The museum at the site of the former Auschwitz-Birkenau camp has long used its own social media accounts to publish authentic victim photos, names and information to raise Holocaust awareness.
Now the museum has discovered that at least a couple of Facebook pages were producing similar victim bios but with fictional information or photos.
"People have started to notice that there are pages, including one called '90's History' where there are short bios of the victims as well as photos that were clearly made by artificial intelligence," said museum deputy spokesman Pawel Sawicki.
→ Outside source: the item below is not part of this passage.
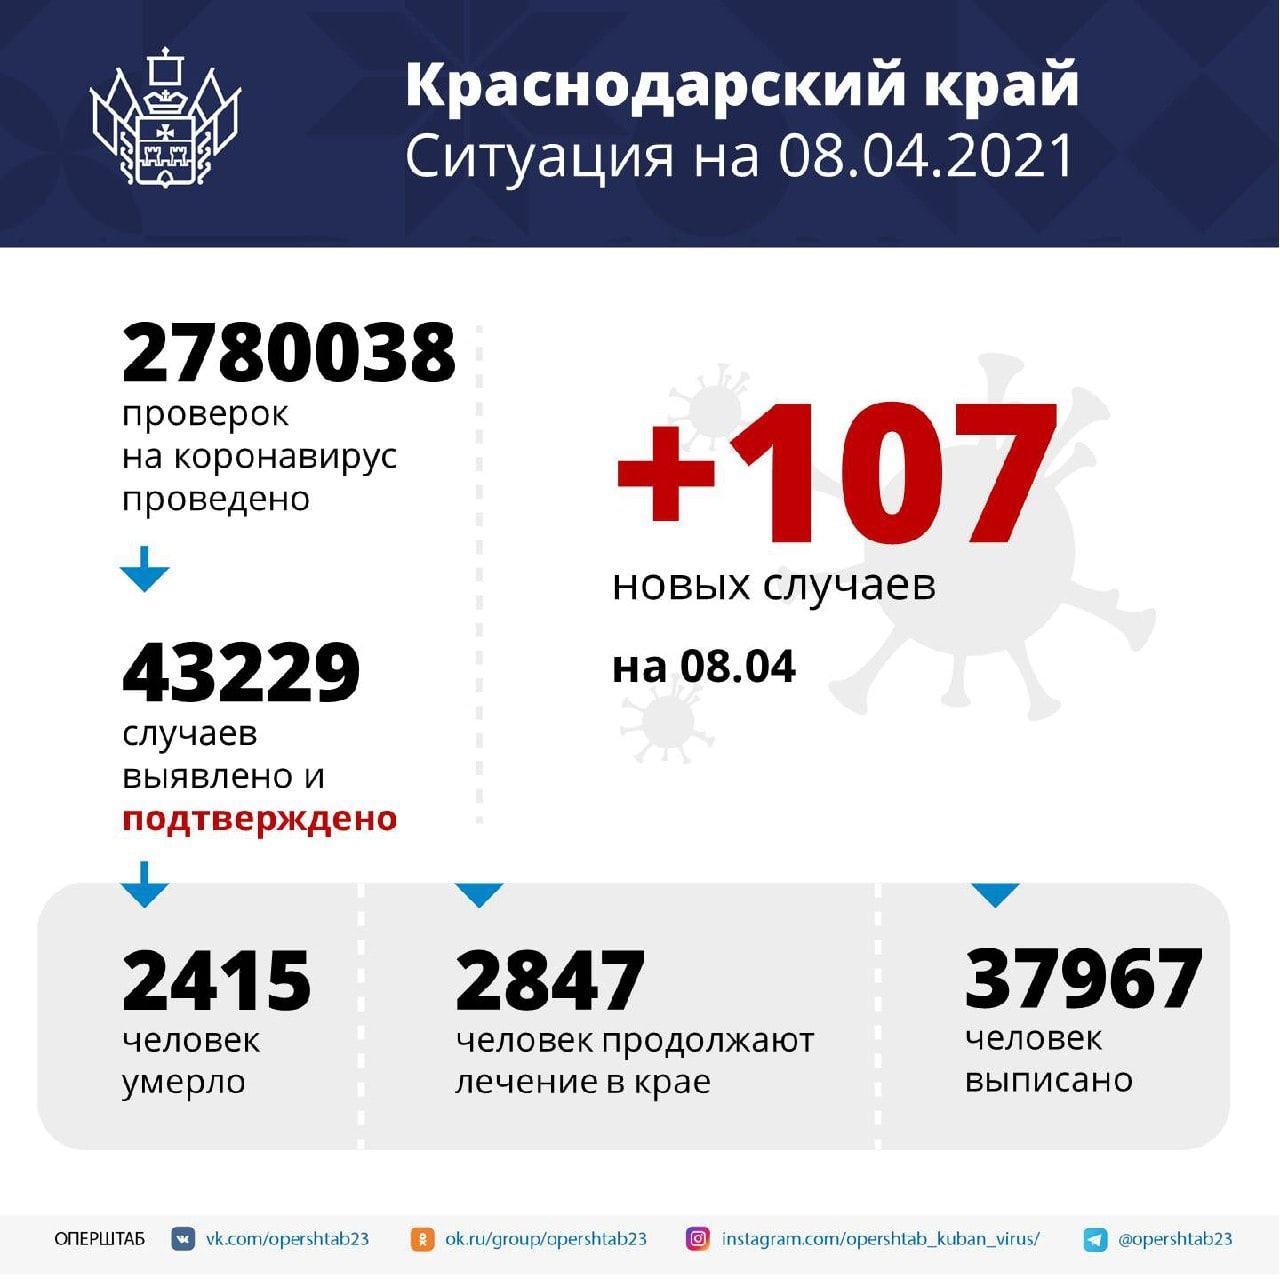 В Краснодарском крае зарегистрировали 107 заболевших COVID-19За последние...

"Producing artificial images of real people, or what is even more troubling, producing false identities of victims, is certainly troubling and also very harmful for the memory of those who died at Auschwitz," he told AFP.
Such posts were harmful because "producing artificial information, last names, is falsifying history", said Sawicki.
This sort of disinformation could even lead to Holocaust denial, he added.
"There is of course a danger that if we have these fake people, then perhaps someone could claim that the whole thing is made up," said Sawicki.
He said the museum was in touch with US tech giant Meta, which owns Facebook, in the hopes that it could look into the matter.
Nazi Germany built the death camp in the city of Oswiecim after occupying Poland during World War II.
The Holocaust site has become a symbol of Nazi Germany's genocide of six million European Jews, one million of whom died at the camp between 1940 and 1945.
More than 100,000 non-Jews also died at Auschwitz-Birkenau, including non-Jewish Poles, Roma and Soviet soldiers.